C.M. Albrecht said...

I understand that some Chinese, in the past, had the practice of signing notes and contracts with paint that would soon fade away. Maybe some still do. Anybody who could invent the back scratcher has to be pretty smart.

Claude Forthomme said...

You make a crucial point here. I hope writers are listening to you!

Karen said...

I agree, not every writer is qualified to interpret the language of a contract. With that said, please allow me to clarify my previous post. I did not mean to suggest a clause - such as the one in the previous blog post - will unlikely be enforced by the publisher, I meant it will unlikely be enforced by the courts - and publishers know this. I dare say that no court in the USA will enforce a clause that limits rights worldwide and to perpetuity. And yes, I believe I am well-qualified to make this opinion given I am a writer and an attorney (albeit, not all attorneys are created equal) :)

Sue Bursztynski said...

I remember my very first publishing contract. It was long and complicated. I had no idea what half of it meant. So I paid some money to my local Society of Authors, who have lawyers to look at these things for you. It was actually not a bad contract, but there were bits that bothered me, so I asked my publishers, who cheerfully cut them. It was a big publisher, not a small press. One micro-press I dealt with had a contract I would never have signed if I'd seen it before the book was written, but I had a deadline to meet and the woman waited till the book was written before sending the contract. Then she ended up not having the money to publish it or the others she had commissioned anyway - and publishing was the ONLY commitment she had in that dreadful contract. So she gave us all our rights back. I guess I should be glad that the odds "permanently" and "irrevocably" weren't in there. But don't worry, I will never again write to commission without seeing the contract first. Education publishers have some awful contracts, especially here in Australia, where they need a lot of rights so that the American publisher can get on with it - but nothing quite as bad as the one you mention, Victoria.

tonyl said...

Thanks for this.
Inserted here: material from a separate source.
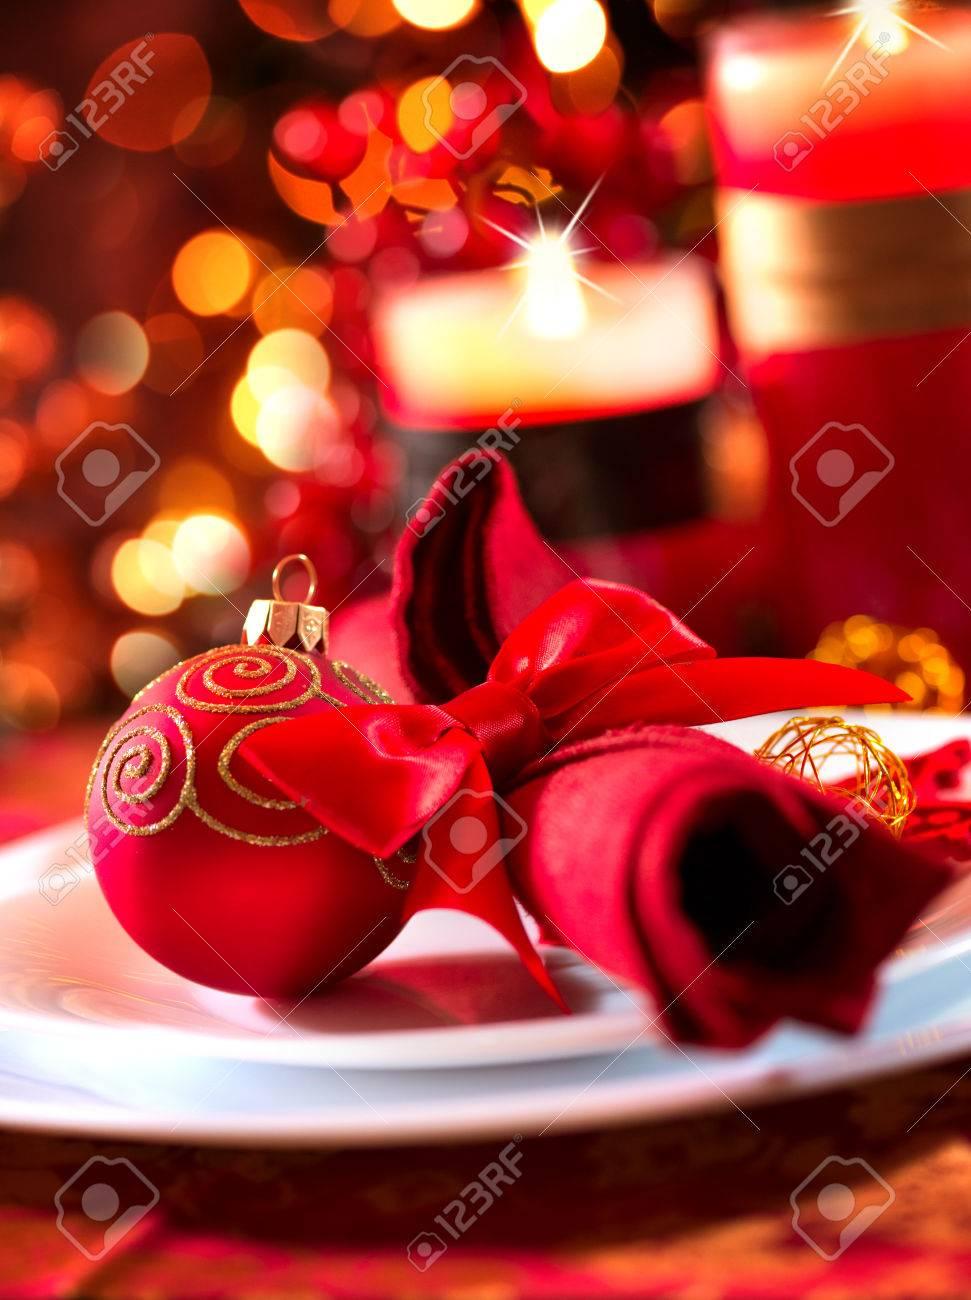 Christmas And New Year Holiday Table Setting  Celebration Stock Photo - 23536820

I followed the Passive Voice here.

I hope people who need this information see it. To that end, not that I have a following that a) needs it or b) is very large at all! I’ve reblogged it at my blog, tony’s miscellenaia,

Anonymous said...

And remember, a hastily signed contract may be in force forever. When I got my PhD degree, I was told I had to sign a contract giving a microfilm company the right to make my dissertation available at libraries. So I signed. It sounded like a non-profit, scholarly arrangement. Then, during the dot-com boom, an entrepreneur bought up the rights to those dissertations and started to sell them for profit. I was really appalled... but I had signed the contract.
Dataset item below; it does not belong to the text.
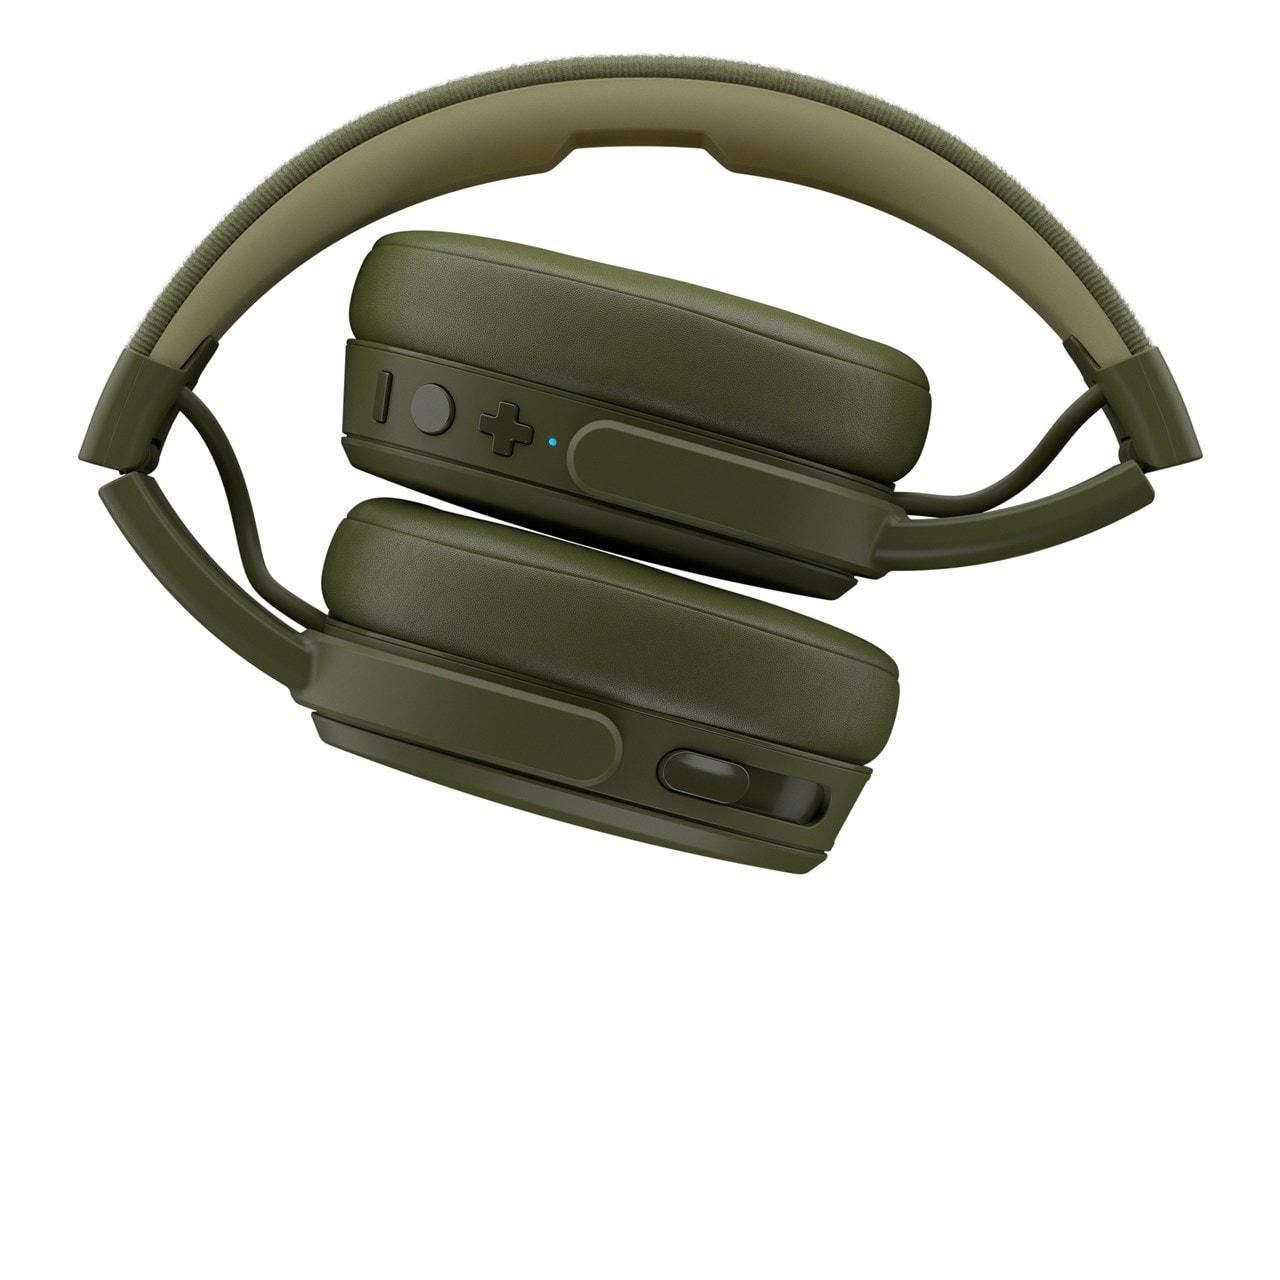 Skullcandy Crusher Moss/Olive/Yellow Bluetooth Headphones - 4

Jean Wilson Murray, MBA, PhD said...

Another to add to the list: Don't ASSUME (we all know what that stands for) that something the publisher said has the same force as what's written in the contract. In a lawsuit, what someone promised but didn't put in writing can't be used. As I always say, "If it isn't in writing, it doesn't exist."
If a publisher promises to do something for you ("We'll make sure your books get onto Amazon"), make 'em put in writing.
<a href=">Why business agreements should be in writing</a>

Britni Patterson said...

This is such an important thing for authors to know and read, especially in today's publishing climate!

Unknown said...

An excellent post. People all should remember this doesn't apply just to writing but to all contracts, all the time. Trusting the kindness of strangers is sweet at times, but not when you have signed a legal document.